MEME displays the occurrences (sites) of the motif in the training set. The sites are shown aligned with each other, and the ten sequence positions preceding and following each site are also shown. Each site is identified by the name of the sequence where it occurs, the strand (if both strands of DNA sequences are being used), and the position in the sequence where the site begins. When the DNA strand is specified, '+' means the sequence in the training set, and '-' means the reverse complement of the training set sequence. (For '-' strands, the 'start' position is actually the position on the positive strand where the site ends.) The sites are listed in order of increasing statistical significance (p-value). The p-value of a site is computed from the the match score of the site with the position specific scoring matrix for the motif. The p-value gives the probability of a random string (generated from the background letter frequencies) having the same match score or higher. (This is referred to as the position p-value by the MAST algorithm.)

Block Diagrams

The occurrences of the motif in the training set sequences are shown as coloured blocks on a line. One diagram is printed for each sequence showing all the sites contributating to that motif in that sequence. The sequences are listed in the same order as in the input to make it easier to compare multiple block diagrams. Additionally the best p-value for the sequence/motif combination is listed though this may not be in ascending order as with the sites. The p-value of an occurrence is the probability of a single random subsequence the length of the motif, generated according to the 0-order background model, having a score at least as high as the score of the occurrence.
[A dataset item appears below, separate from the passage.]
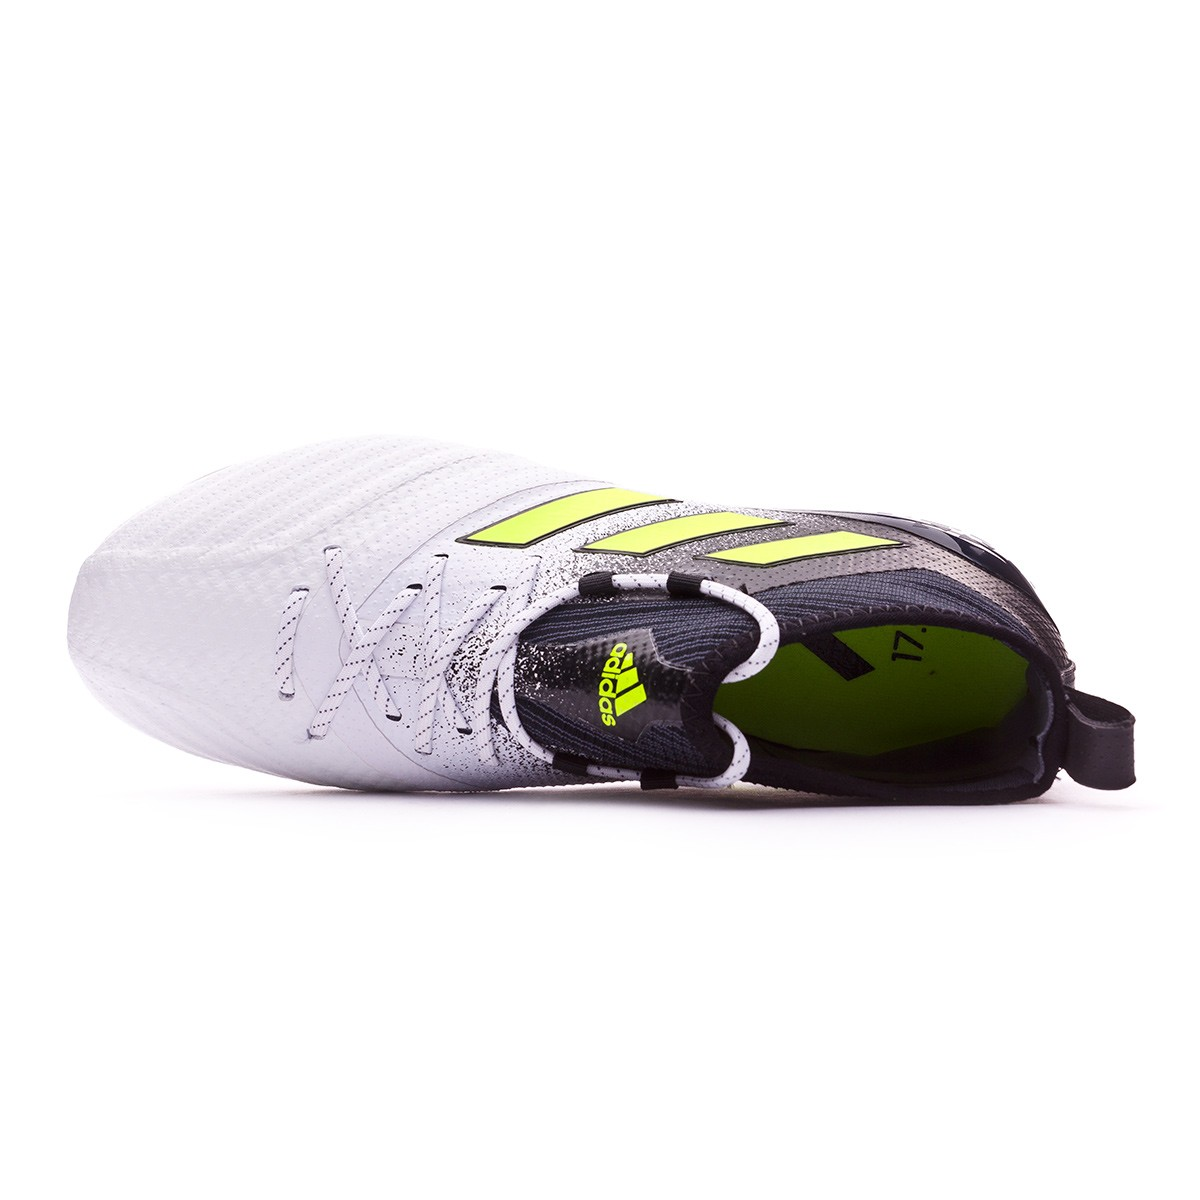 a9e7d0540 Football Boots adidas Ace 17.1 Primeknit SG White-Solar yellow-Core black -  Tienda de fútbol Fútbol Emotion

When the DNA strand is specified '+', it means the motif appears from left to right on the sequence, and '-' means the motif appears from right to left on the complementary strand. A sequence position scale is shown at the end of each table of block diagrams.

Combined Block Diagrams

The motif occurrences shown in the motif summary may not be exactly the same as those reported in each motif section because only motifs with a position p-value of 0.0001 that don't overlap other, more significant motif occurrences are shown.

See the documentation for MAST output for the definition of position and combined p-values.